Mais si Jésus béatifie, s’il glorifie ces situations-limites où il semble précisément que nous soyons privés de tous les biens auxquels nous aspirons, c’est que Jésus y respire la béatitude de Dieu, à laquelle nous sommes appelés, à laquelle dès maintenant, nous avons à participer.
C’est une béatitude intérieure, c’est une grandeur d’existence, et non pas une grandeur de situation.
La grandeur de Dieu, c’est qu’il est tout amour. La grandeur de Dieu, c’est qu’il n’a rien. La grandeur de Dieu, c’est qu’il donne tout. La grandeur de Dieu, c’est qu’il se vide éternellement de lui-même. La grandeur de Dieu, c’est qu’il est vide de soi.
Et justement, c’est à cette grandeur que Dieu nous appelle: une grandeur qui est en nous-mêmes, une grandeur qui ne peut pas nous être enlevée, une grandeur qui coïncide avec notre existence et non pas avec notre situation, qui est dans ce que nous sommes et non pas dans ce que nous faisons.
Et ceci est énorme, ceci a des conséquences infinies: toutes les compétitions entre les hommes, tous les conflits qui les opposent les uns aux autres dans une recherche d’ailleurs identique de grandeur, de gloire, de bonheur, toutes ces recherches, au lieu d’aboutir à une convergence, à se rencontrer en un même centre, au contraire se contredisent, se contrarient et aboutissent aux murs de séparation, aux conflits sanglants, aux révolutions, à toutes les guerres où l’homme, pour résoudre ses problèmes, assassine l’homme.
Jésus est venu nous apporter la vérité sur la véritable grandeur en nous révélant la grandeur de Dieu; la grandeur qui donne sa dimension véritable à toutes nos actions, c’est la grandeur de Dieu qui est une grandeur d’amour – et c’est une grandeur qui est absolument compatible avec l’humilité, ou plutôt c’est la même chose.
Comme il s’agit de se vider de soi, comme il s’agit de tout donner, comme il s’agit d’entrer dans ce mariage d’amour que Dieu veut contracter avec nous, tout naturellement le regard se détourne de soi et se porte sur l’autre.

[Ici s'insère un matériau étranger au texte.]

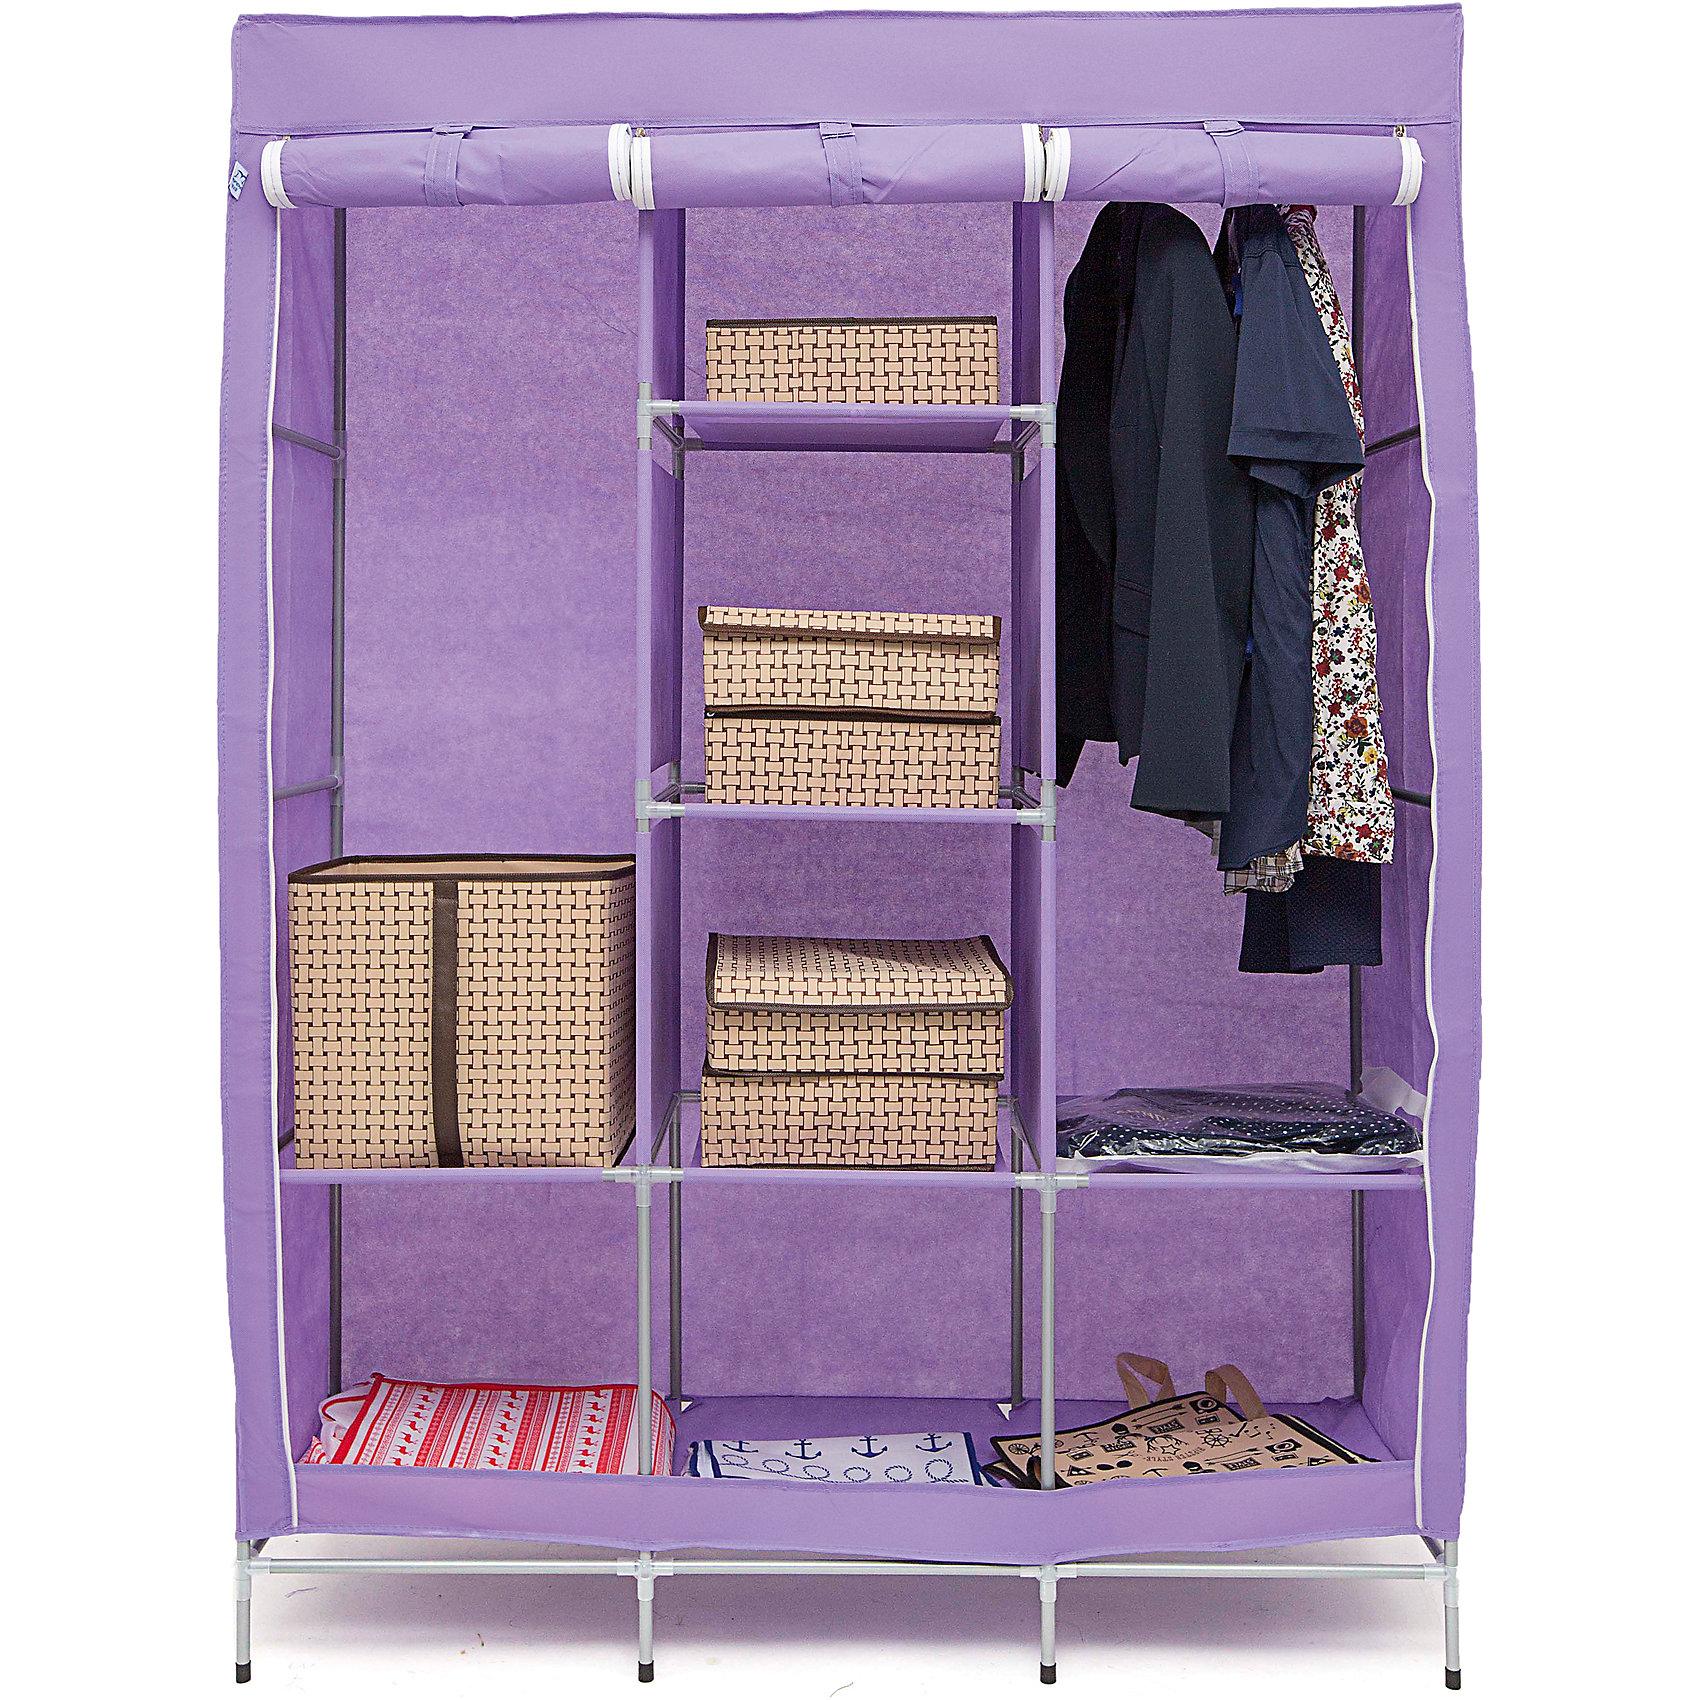 Тканевый шкаф Онтарио, Homsu, фиолетовыйПорядок в детской<br>Этот большой тканевый шкаф будет максимально практичным и удобным помощником в создании полноценного порядка благодаря 6 полкам для складывания одежды 40Х45см и двум отделениям для подвешивания одежды. Сборная конструкция такого шкафа состоит из металлических деталей каркаса, обтянутых сверху прочной и лёгкой тканью.<br><br>Ширина мм: 600<br>Глубина мм: 350<br>Высота мм: 100<br>Вес г: 4500<br>Возраст от месяцев: 216<br>Возраст до месяцев: 1188<br>Пол: Унисекс<br>Возраст: Детский<br>SKU: 5620250

Et c’est ça, l’humilité.
L’humilité, c’est d’exister dans le regard de l’autre, c’est exister en s’échangeant avec l’autre, c’est d’exister dans cette relation où «je est un autre».
Alors, tout naturellement, cette grandeur d’amour se confond avec l’humilité, qui n’a absolument rien à voir avec une sorte d’aplatissement devant Dieu, se faire petit pour ne pas se faire remarquer des autres, se faire petit pour que sa miséricorde s’épanche sur nous… Ce n’est pas du tout cela, la perspective des Béatitudes: c’est atteindre à la grandeur, c’est devenir comme Dieu, être parfait comme notre Père céleste est parfait et donc tendre vers une liberté intérieure toujours plus grande, entrer dans un espace illimité où la Présence de Dieu se respire.